Apache Spark, Parquet, and Troublesome Nulls

Wesley Hoffman
6 min readNov 28, 2017

--

A hard learned lesson in type safety and assuming too much

Introduction

While migrating an SQL analytic ETL pipeline to a new Apache Spark batch ETL infrastructure for a client, I noticed something peculiar. The infrastructure, as developed, has the notion of nullable DataFrame column schema. At first glance it doesn’t seem that strange. Most, if not all, SQL databases allow columns to be nullable or non-nullable, right? Let’s look into why this seemingly sensible notion is problematic when it comes to creating Spark DataFrames.

from pyspark.sql import typesschema = types.StructType([
types.StructField("index", types.LongType(), False),
types.StructField("long", types.LongType(), True),
])
df = sqlContext.createDataFrame(sc.emptyRDD(), schema)df.printSchema()

This block of code enforces a schema on what will be an empty DataFrame, df. df.printSchema() will provide us with the following:

root  
|-- index: long (nullable = false)
|-- long: long (nullable = true)

It can be seen that the in-memory DataFrame has carried over the nullability of the defined schema. However, this is slightly misleading. Column nullability in Spark is an optimization statement; not an enforcement of object type.

In this post, we will be covering the behavior of creating and saving DataFrames primarily w.r.t Parquet. Parquet file format and design will not be covered in-depth.

What Does Nullable Mean to DataFrame Columns?

…when you define a schema where all columns are declared to not have null values — Spark will not enforce that and will happily let null values into that column. The nullable signal is simply to help Spark SQL optimize for handling that column. If you have null values in columns that should not have null values, you can get an incorrect result or see strange exceptions that can be hard to debug. — The Data Engineer’s Guide to Apache Spark; pg 74

When a column is declared as not having null value, Spark does not enforce this declaration. No matter if the calling-code defined by the user declares nullable or not, Spark will not perform null checks. A column’s nullable characteristic is a contract with the Catalyst Optimizer that null data will not be produced. A healthy practice is to always set it to true if there is any doubt. It makes sense to default to null in instances like JSON/CSV to support more loosely-typed data sources. More importantly, neglecting nullability is a conservative option for Spark. Apache Spark has no control over the data and its storage that is being queried and therefore defaults to a code-safe behavior. For example, files can always be added to a DFS (Distributed File Server) in an ad-hoc manner that would violate any defined data integrity constraints.

DataFrame Creation from Parquet

Creating a DataFrame from a Parquet filepath is easy for the user. It can be done by calling either SparkSession.read.parquet() or SparkSession.read.load('path/to/data.parquet') which instantiates a DataFrameReader .¹ In the process of transforming external data into a DataFrame, the data schema is inferred by Spark and a query plan is devised for the Spark job that ingests the Parquet part-files.

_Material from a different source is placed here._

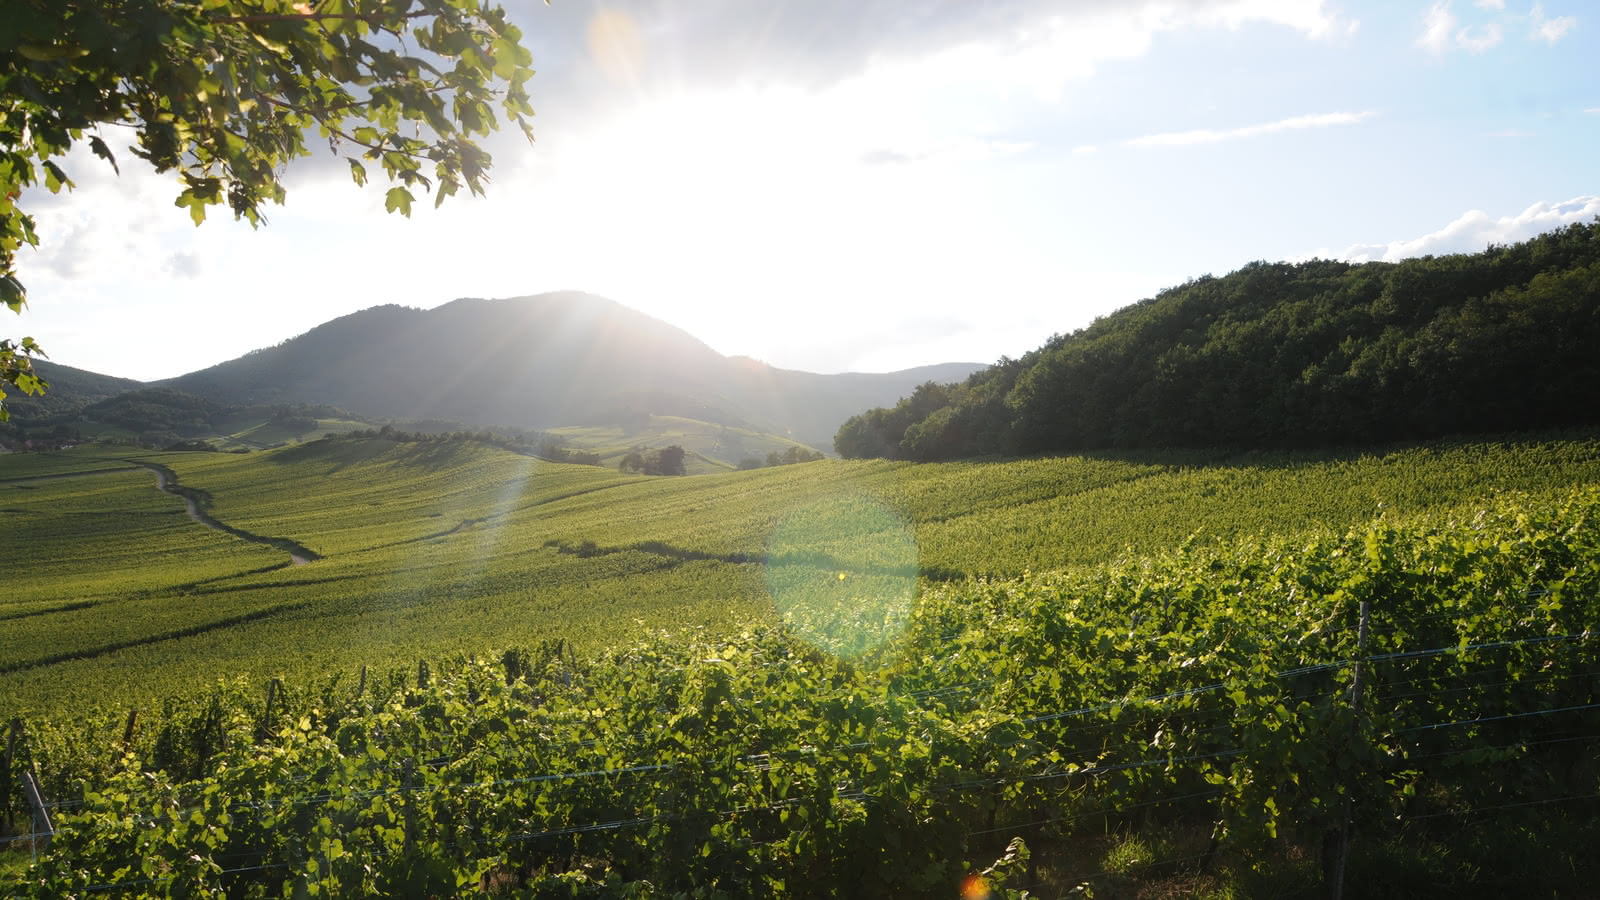 Dîner au cœur du vignoble

When schema inference is called, a flag is set that answers the question, “should schema from all Parquet part-files be merged?” When multiple Parquet files are given with different schema, they can be merged. The default behavior is to not merge the schema.² The file(s) needed in order to resolve the schema are then distinguished. Spark always tries the summary files first if a merge is not required. In this case, _common_metadata is more preferable than _metadata because it does not contain row group information and could be much smaller for large Parquet files with many row groups. If summary files are not available, the behavior is to fall back to a random part-file.³ In the default case (a schema merge is not marked as necessary), Spark will try any arbitrary _common_metadata file first, falls back to an arbitrary _metadata, and finally to an arbitrary part-file and assume (correctly or incorrectly) the schema are consistent. Once the files dictated for merging are set, the operation is done by a distributed Spark job.⁴ It is important to note that the data schema is always asserted to nullable across-the-board. In short this is because the QueryPlan() recreates the StructType that holds the schema but forces nullability all contained fields.

How Parquet is Written

“…When writing Parquet files, all columns are automatically converted to be nullable for compatibility reasons.” — Spark Docs

So say you’ve found one of the ways around enforcing null at the columnar level inside of your Spark job. Unfortunately, once you write to Parquet, that enforcement is defunct. To describe the SparkSession.write.parquet() at a high level, it creates a DataSource out of the given DataFrame, enacts the default compression given for Parquet, builds out the optimized query, and copies the data with a nullable schema. This can loosely be described as the inverse of the DataFrame creation.

Some Experiments

In this final section, I’m going to present a few example of what to expect of the default behavior.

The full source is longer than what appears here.